Other issues that probably affect performance are 1) TABLE_A has a field based on an auto-generated sequence, 2) TABLE_A has an AFTER INSERT trigger on it that parses each new record and adds a second record to TABLE_B
A number of other threads have suggested doing a pg_dump of TABLE_A_20180807_BCK and then load the data back into TABLE_A. I’m not sure a pg_dump would actually work for me because I’m only interested in couple of fields from TABLE_A, not the whole lot.
Instead I was wondering about the following….
Export to a CSV file…..
COPY TABLE_A_20180807_BCK (field1,field2) to 'd:\tmp\dump\table_a.dump' DELIMITER ',' CSV;
Import back into the desired table….
COPY TABLE_A(field1,field2) FROM 'd:\tmp\dump\table_a.dump' DELIMITER ',' CSV
Is the export/import method likely to be any quicker – I’d like some guidance on this before I start on another job that may take days to run, and may not even work any better!

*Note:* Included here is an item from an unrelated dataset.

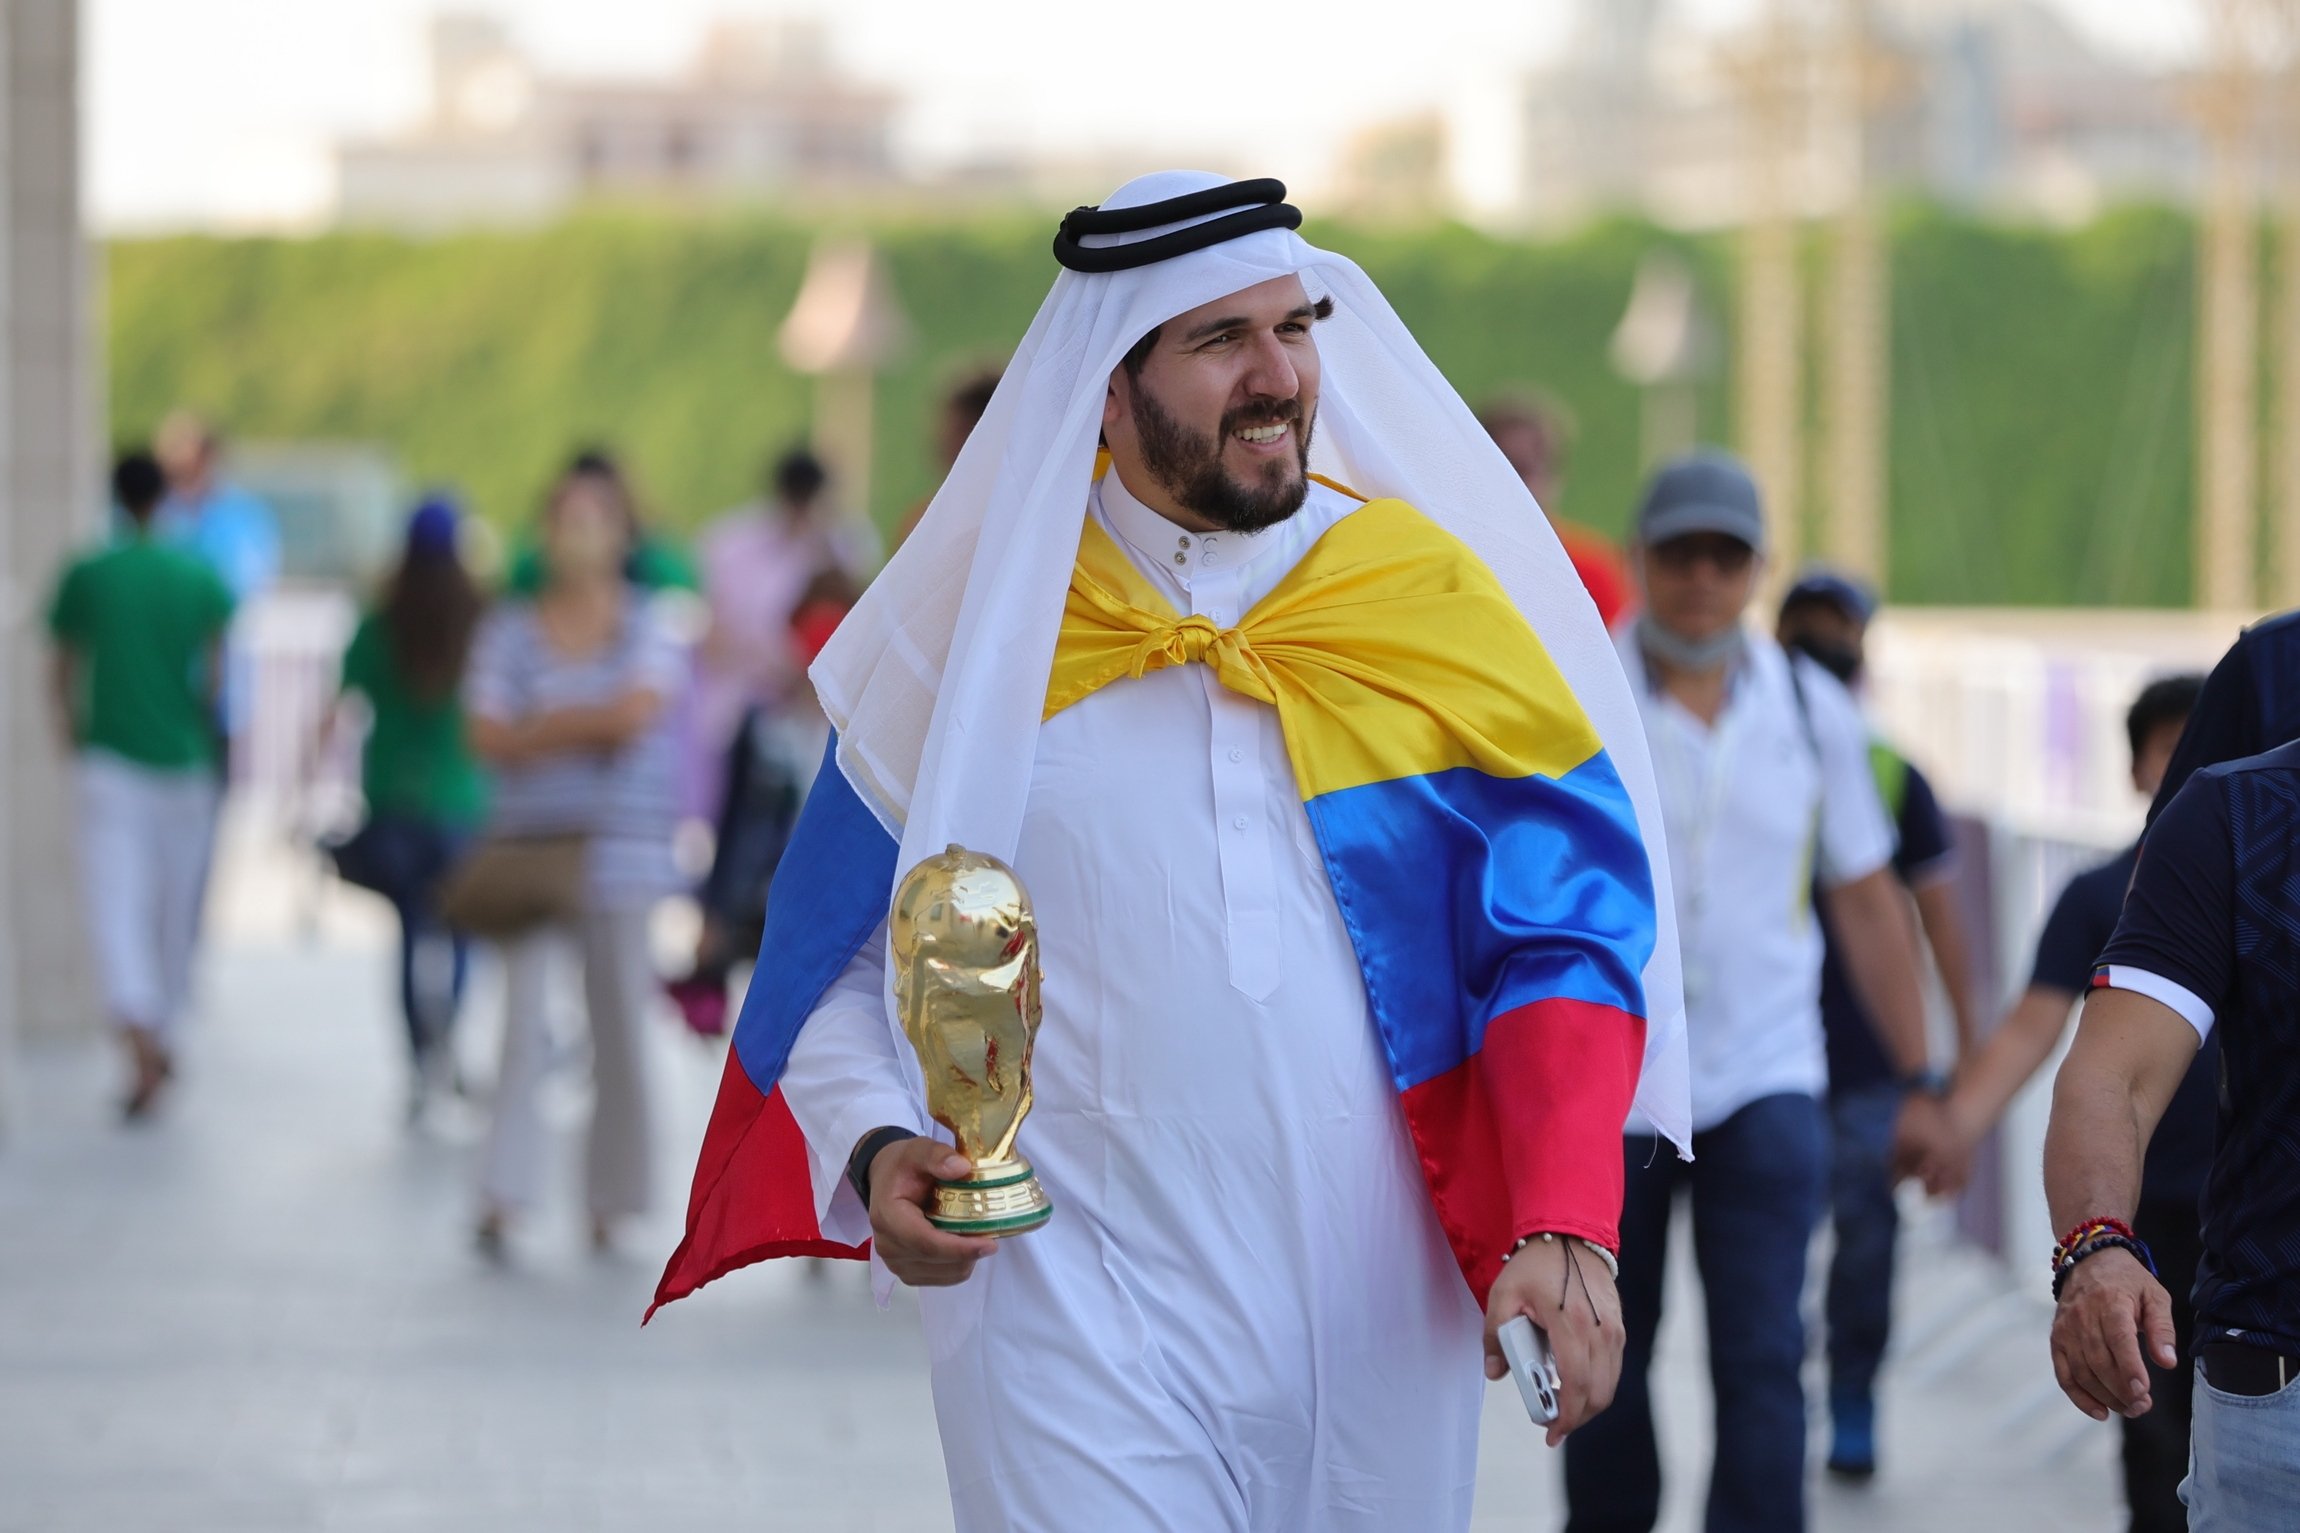 World Cups24 - Qatar World Cup 2022 - Worldwide known fashion

The obvious answer of "just try it and see" isn't really an option, I can't afford more downtime!
(this is follow-on question from this, if any background details are required)
Update....
I don't think there is any significant problems with the trigger. Under normal circumstances records are INPUTed into TABLE_A at a rate of about 1000/sec (including trigger time). I think the issue is likely to be size of the transaction, under normal circumstances records are inserted into in blocks of 100 records per INSERT, the statement shown above attempts to add 10 million records in a single transaction, my guess is that this is the problem, but I've no way of knowing if it really is, or if there's a suitable work around (or if the export/import method I've proposed would be any quicker)
Maybe I should have emphasized this earlier, every insert into TABLE_A fires a trigger that adds record to TABLE_B. It's the data that's in TABLE_B that's the final objective, so disabling the trigger isn't an option! This whole problem came about because I accidentally disabled the trigger for a few days, and the preferred solution to the question 'how to run a trigger on existing rows' seemed to be 'remove the rows and add them back again' - see the original post (link above) for details.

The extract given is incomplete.